Gently plucked folksy guitars, trickling beats, assured vocals spinning confessional tales of hope, heartache and empowerment. Songs written with Aaron Dessner of The National, string arrangements by Rob Moose. Guest appearances by Justin Vernon, Jack Antonoff and Taylor Swift. We are in a phase of pop music that is either becoming generic and homogenised, overseen by the same cadre of songwriters and producers, or forging something different, an appealing tangent to what’s already out there.
Gracie Abrams (whose father, incidentally, is the film director JJ Abrams) is an American songwriter in her mid-20s who wrote her official debut album, Good Riddance, from 2023, with Dessner, so whatever creative template we have on The Secret of Us has been in place for a few years. The template produces results adjacent to the likes of Swift and Olivia Rodrigo (and a few others), but Abrams delivers music that connects.

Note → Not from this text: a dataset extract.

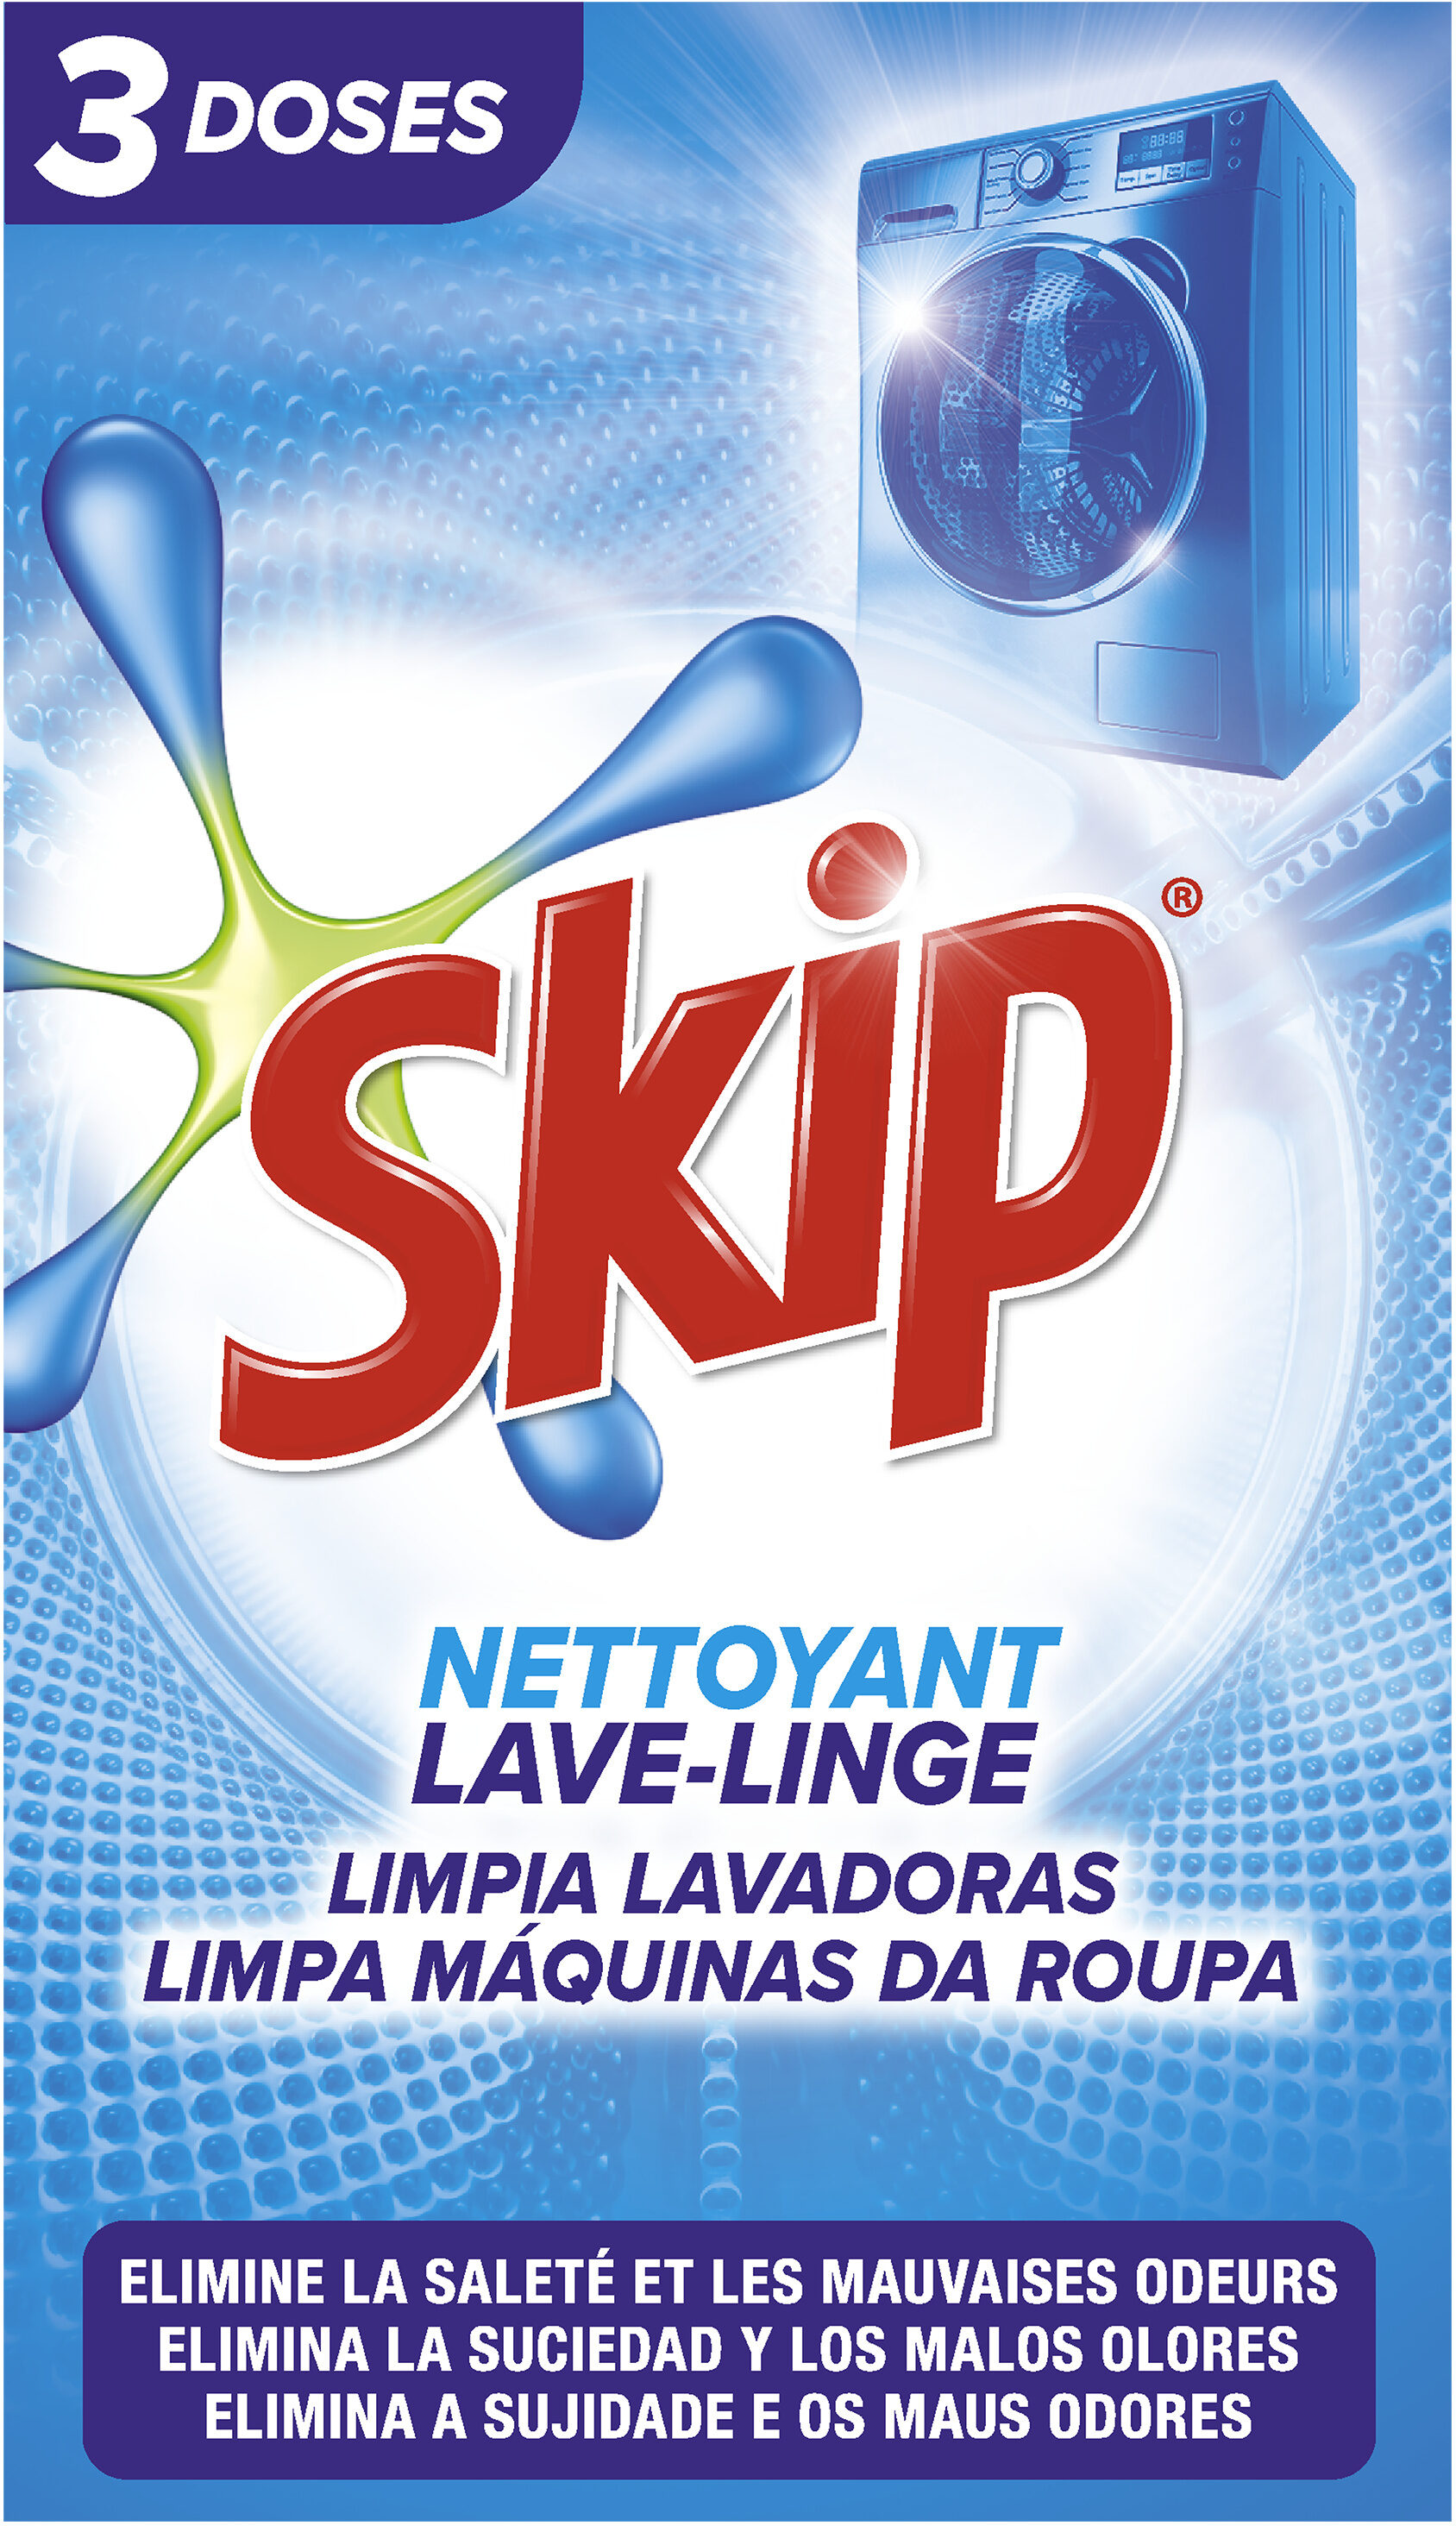 Skip Nettoyant Lave-Linge 3 Doses - Product - fr
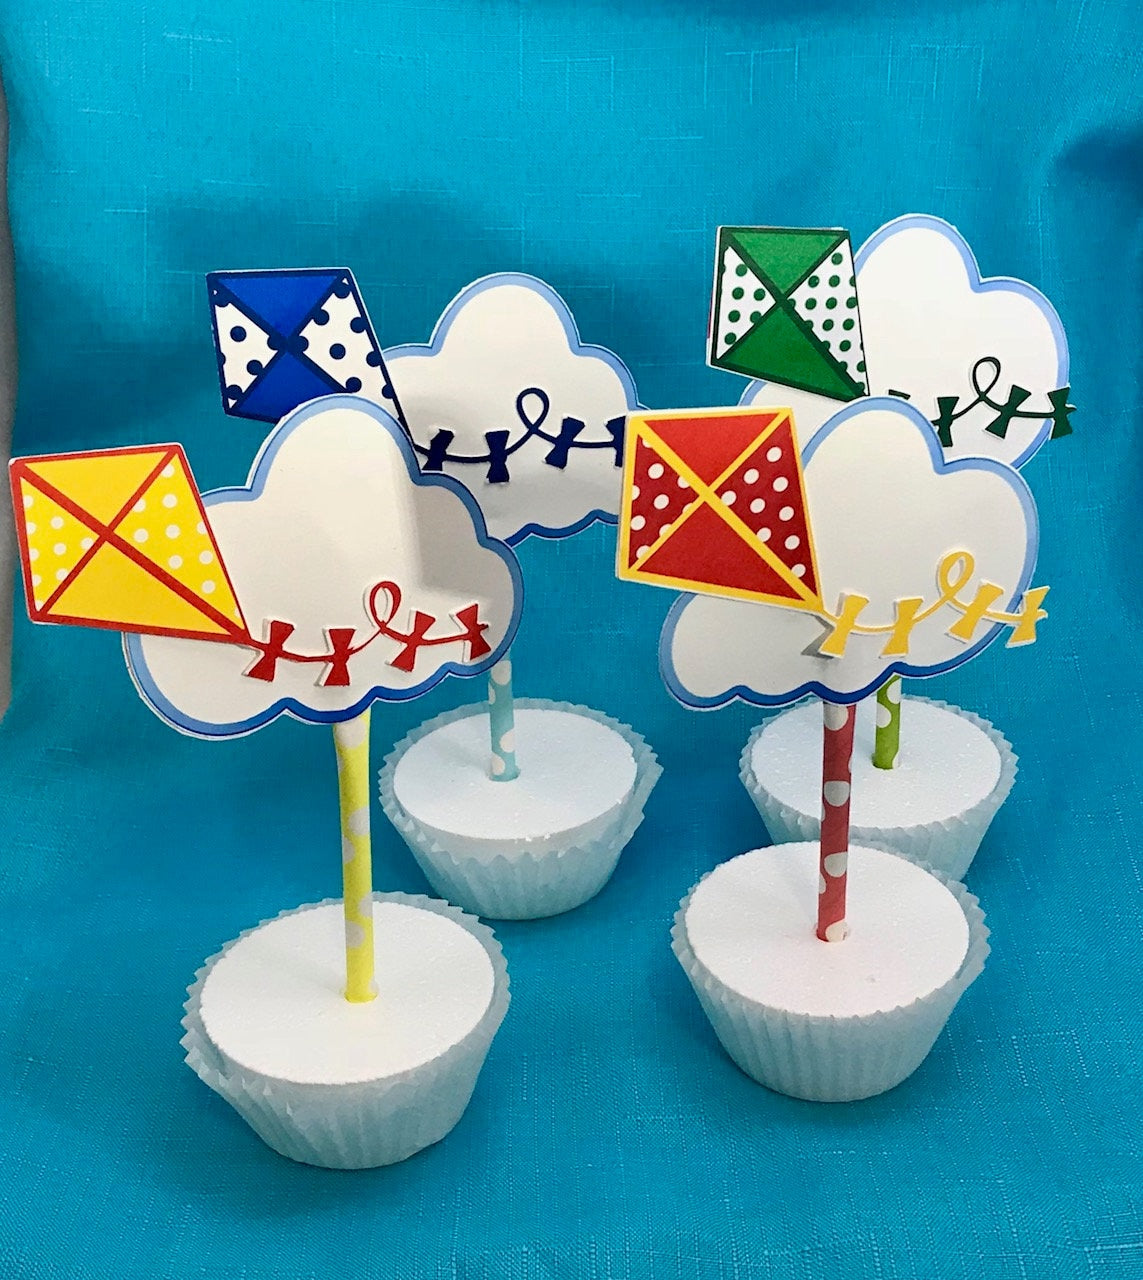 kite cupcake toppers -set of 12 /cupcake topper kite/colorful straws

Dessner has provided musical beds for Abrams’s lyrics to rest on. Smart admissions are everywhere. From disdainful thoughts about previous boyfriends (“If she’s got a pulse, she meets your standards now?” she sings on Blowing Smoke) to insights about spending time with them (“I waste my 20s on random men, not one of them is tougher than all my friends, and I hate to leave him bleedin’, but I know, know what I’m leavin’ for ...” as Tough Love goes), Abrams outlines the lives and loves of everysomethings in a series of diaristic indie-pop songs that will take some beating for their integrity and directness.